Java Forum / General / January 2008
Faster than Array search?
Sanny - 14 Jan 2008 09:18 GMT I have a piece of code where i need to search from an Array list
For Example
char[] array1= new char[100];
for (int i=0;i<100000;i++){
int hh=function1(i); if (array1[hh]=='K') ff+=function2(hh); }
Here I found most of the time is spent in evaluating the if condition
if (array1[hh]=='K').
How can this char array be searched faster than finding hh position equal to 'K' or not.
Can I use String / BufferString to increase the speed of above evaluation?
Will using Vector / List improve or can I use Set. What will be the fastest way to replace this condition statement. if (array1[hh]=='K').
Bye Sanny
Roedy Green - 14 Jan 2008 09:22 GMT On Mon, 14 Jan 2008 01:18:00 -0800 (PST), Sanny <softtanks@hotmail.com> wrote, quoted or indirectly quoted someone who said :
>How can this char array be searched faster than finding hh position >equal to 'K' or not. see http://mindprod.com/jgloss/binarysearch.html
http://mindprod.com/jgloss/hashmap.html
You might even be able use 'K' (perhaps modified with an offset) as an index into an array for an extremely fast lookup.
e.g.. header[ letter - 'A' ];
 Signature Roedy Green, Canadian Mind Products The Java Glossary, http://mindprod.com
Sanny - 14 Jan 2008 11:07 GMT On Jan 14, 2:22 pm, Roedy Green <see_webs...@mindprod.com.invalid> wrote:
> On Mon, 14 Jan 2008 01:18:00 -0800 (PST), Sanny > <softta...@hotmail.com> wrote, quoted or indirectly quoted someone who [quoted text clipped - 6 lines] > > http://mindprod.com/jgloss/hashmap.html I am using Array char[] array1= new char[100]; This array is not sorted So how can I use Binary search?

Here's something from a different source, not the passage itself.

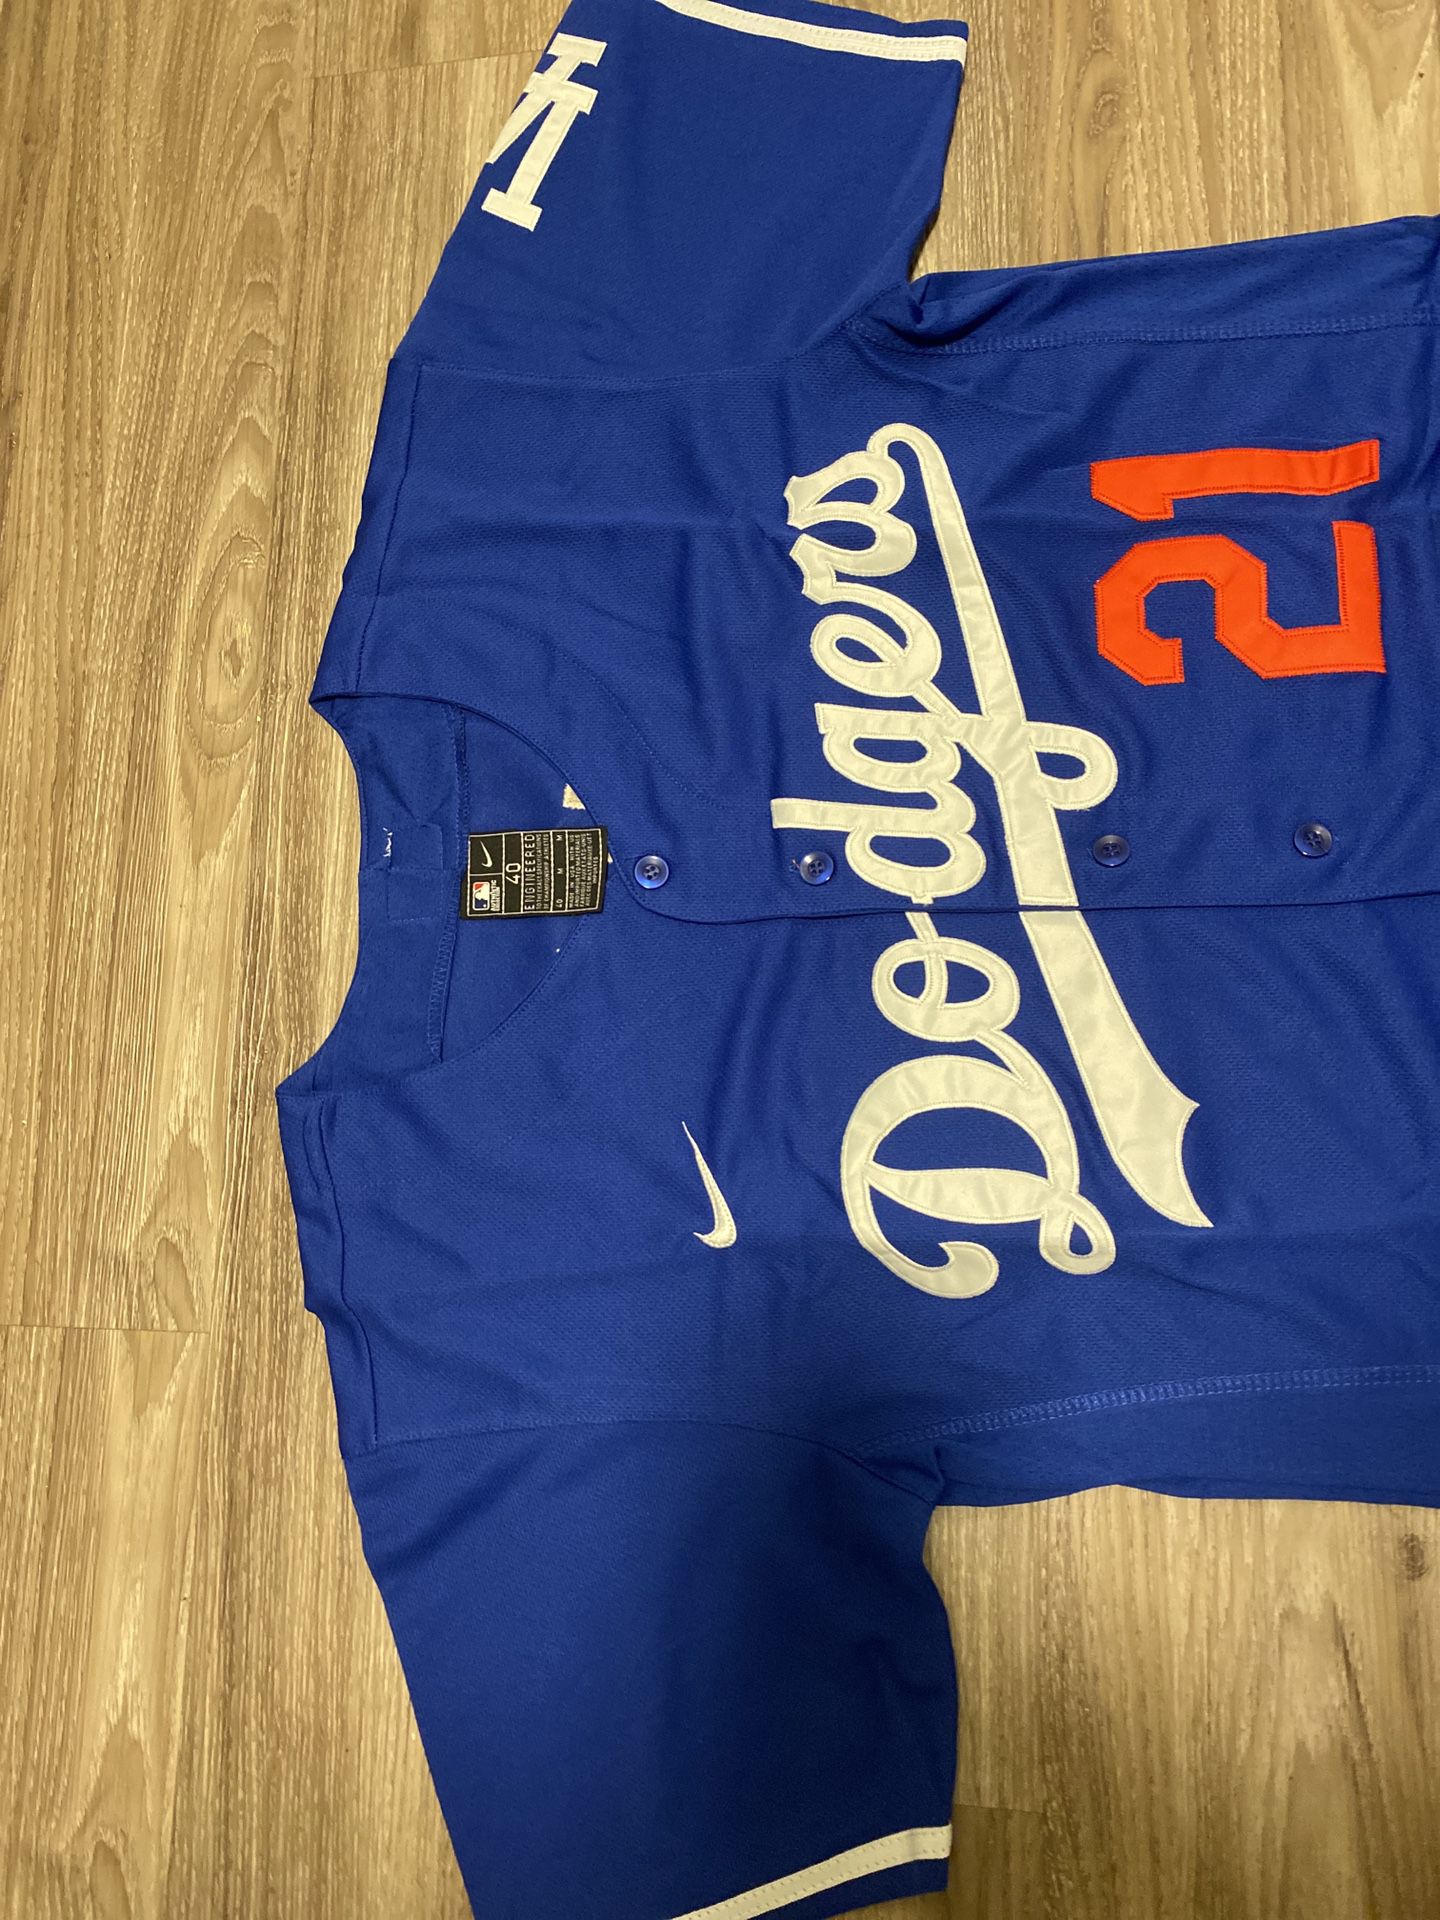 Los Angeles Dodgers Walker Buehler Jersey Adult Size Medium Brand

> You might even be able use 'K' (perhaps modified with an offset) as an > index into an array for an extremely fast lookup. > > e.g.. header[ letter - 'A' ]; if (array1[]=='K') here 'K' is not unique It may happen more that 2 points have value 'K'.
Array1={'a','m', 'x', 'K', 'L', 'L', 'K', 'K'...........'X','b', 'a'} So same character may be present at many places in the array.
Bye Sanny
Patricia Shanahan - 14 Jan 2008 13:44 GMT ...
> if (array1[]=='K') here 'K' is not unique It may happen more that 2 > points have value 'K'. ...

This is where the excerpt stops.